**Data below:**
>>
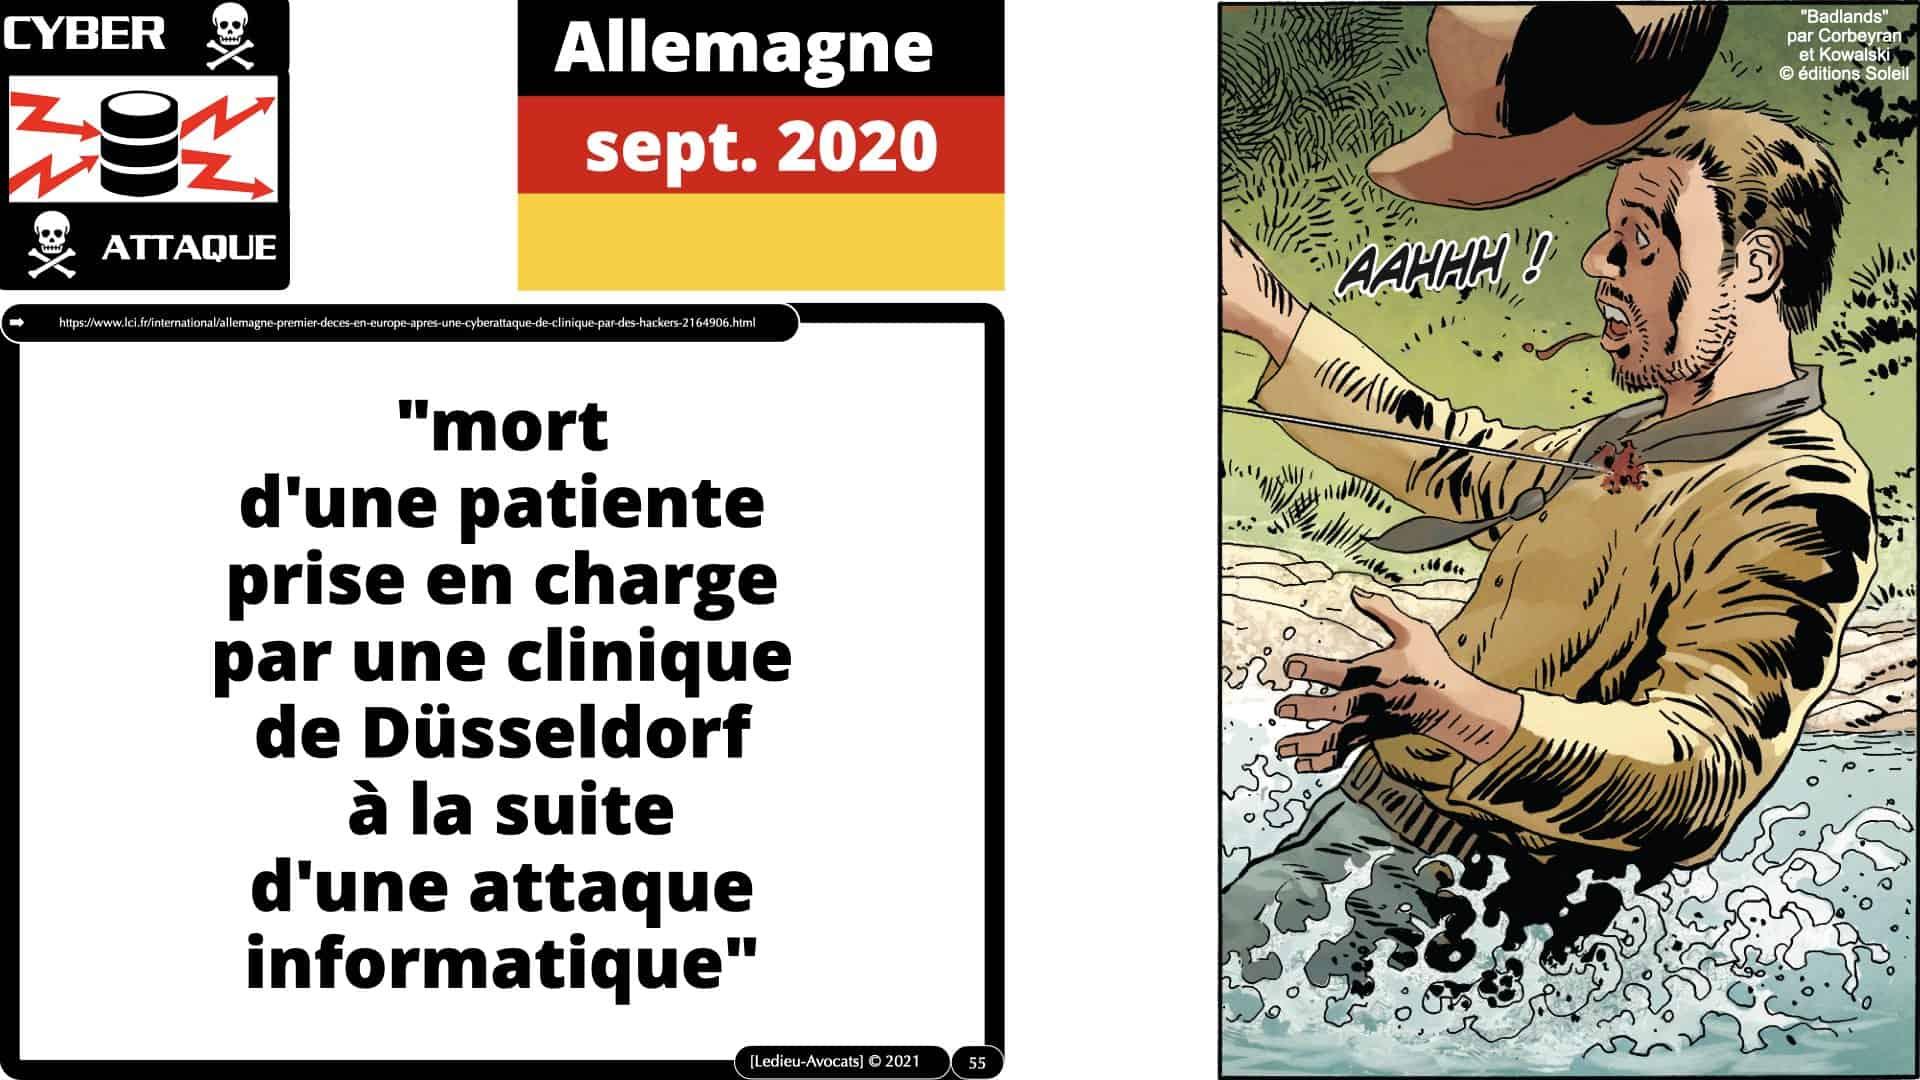 330 CYBER ATTAQUE © Ledieu-Avocats 09-03-2021.055
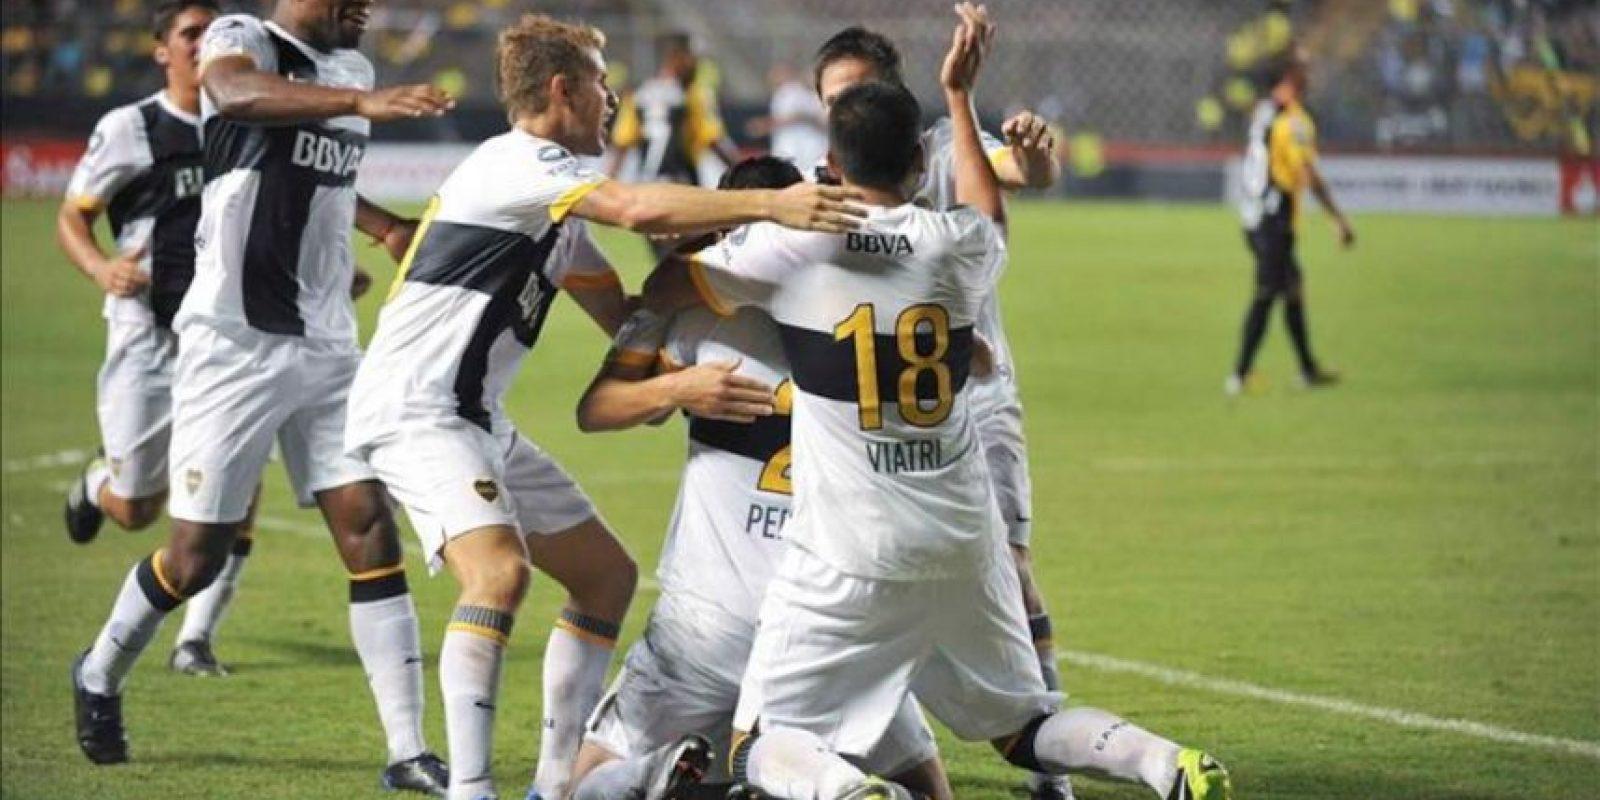 Jugadores del Boca Juniors de Argentina celebran después de anotar contra Barcelona de Ecuador, en un partido por la Copa Libertadores en el estadio de Barcelona de Guayaquil (Ecuador). EFE
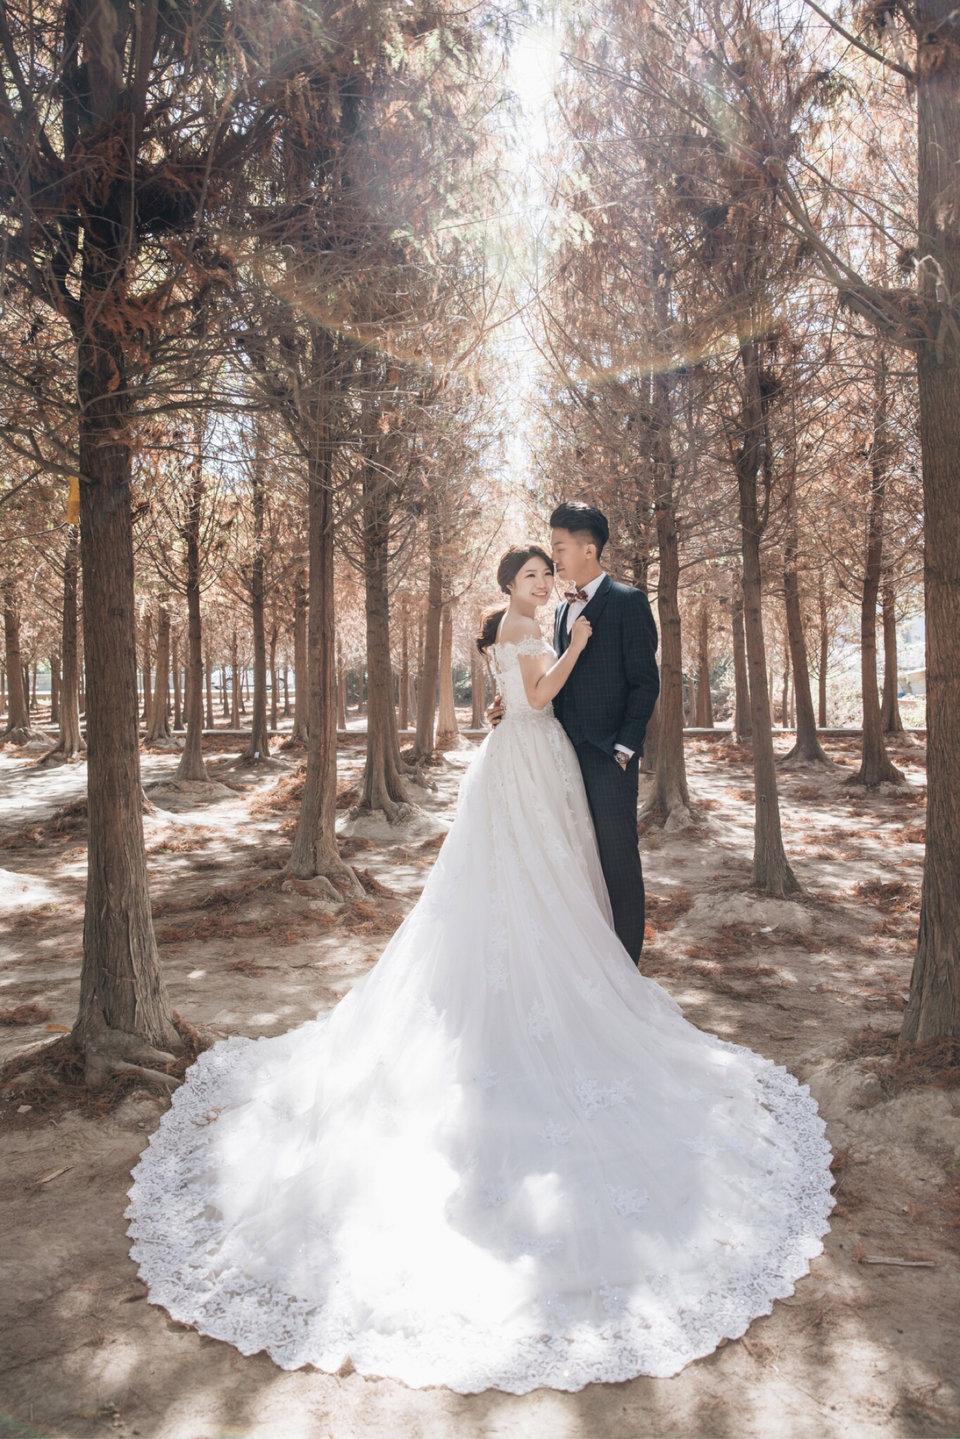 綿谷結婚式-台中店,唯一推薦~綿谷結婚式-台中店
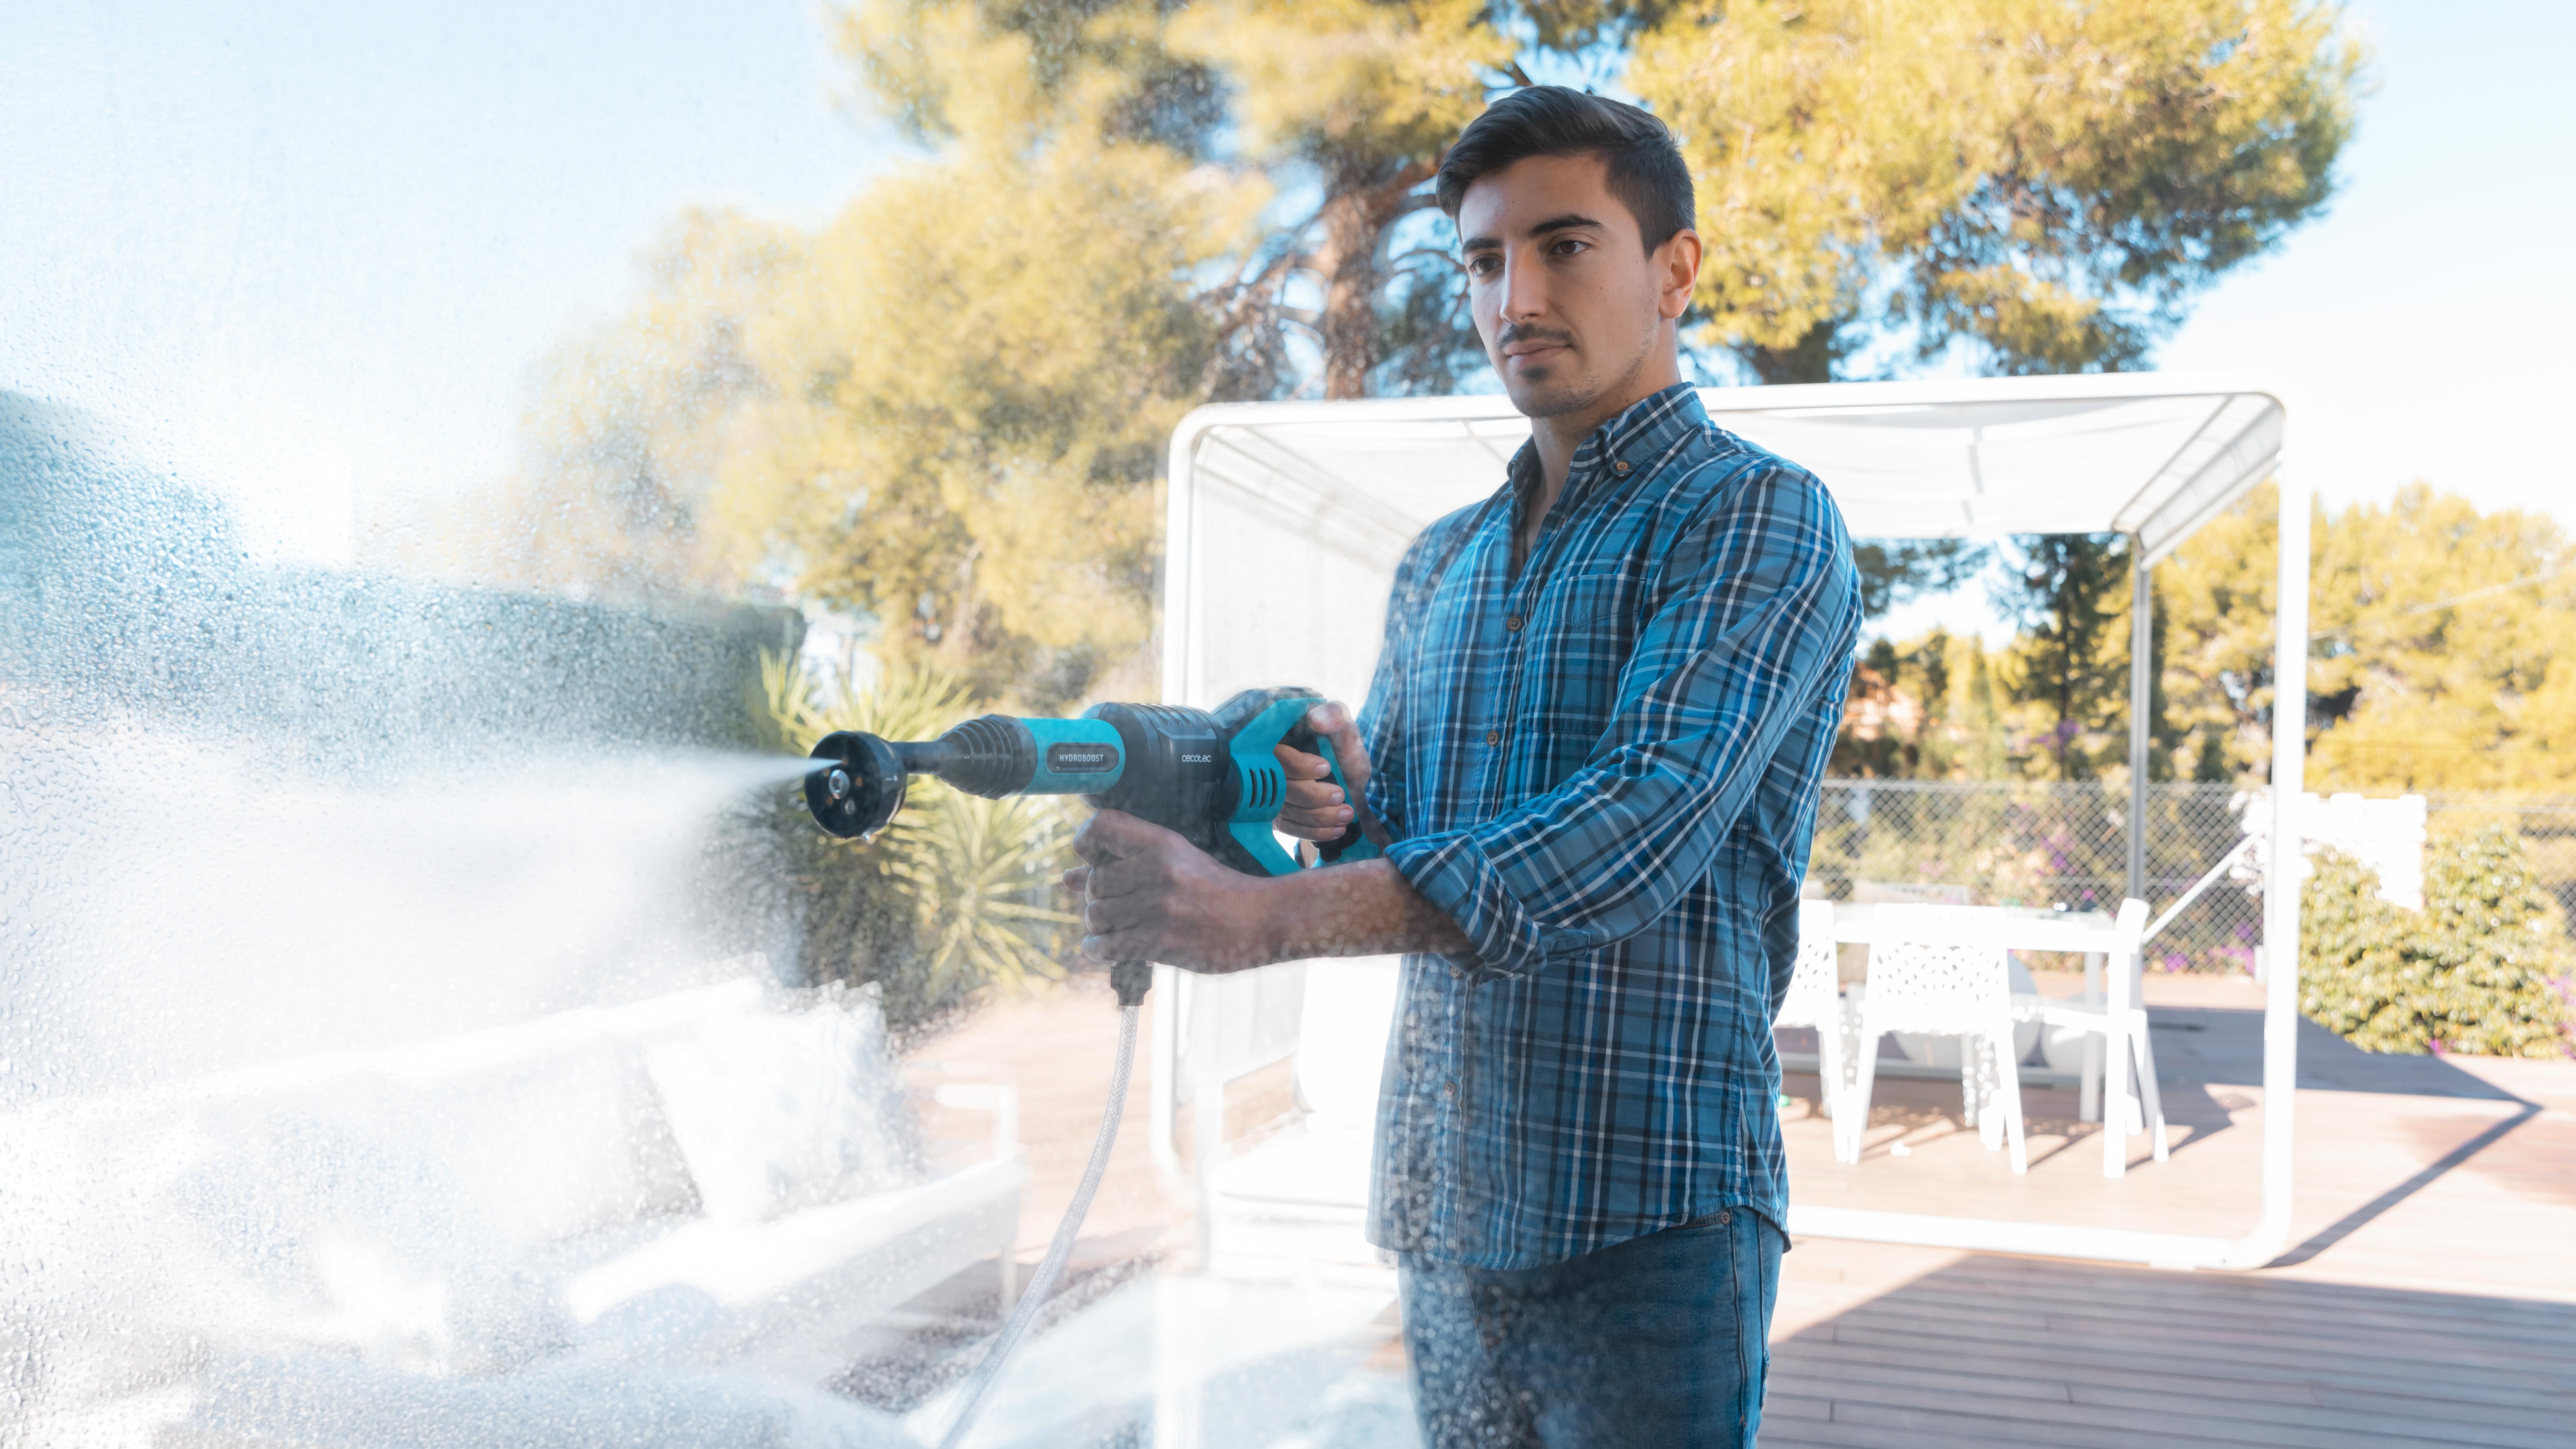 Cecotec amplía su gama de hidrolimpiadoras con modelos sin cables
<<
**Task directions:** Repeat the listing above word for word and leave its images out.

**Task output:**
 330 CYBER ATTAQUE © Ledieu-Avocats 09-03-2021.055
 Jugadores del Boca Juniors de Argentina celebran después de anotar contra Barcelona de Ecuador, en un partido por la Copa Libertadores en el estadio de Barcelona de Guayaquil (Ecuador). EFE
 綿谷結婚式-台中店,唯一推薦~綿谷結婚式-台中店
 Cecotec amplía su gama de hidrolimpiadoras con modelos sin cables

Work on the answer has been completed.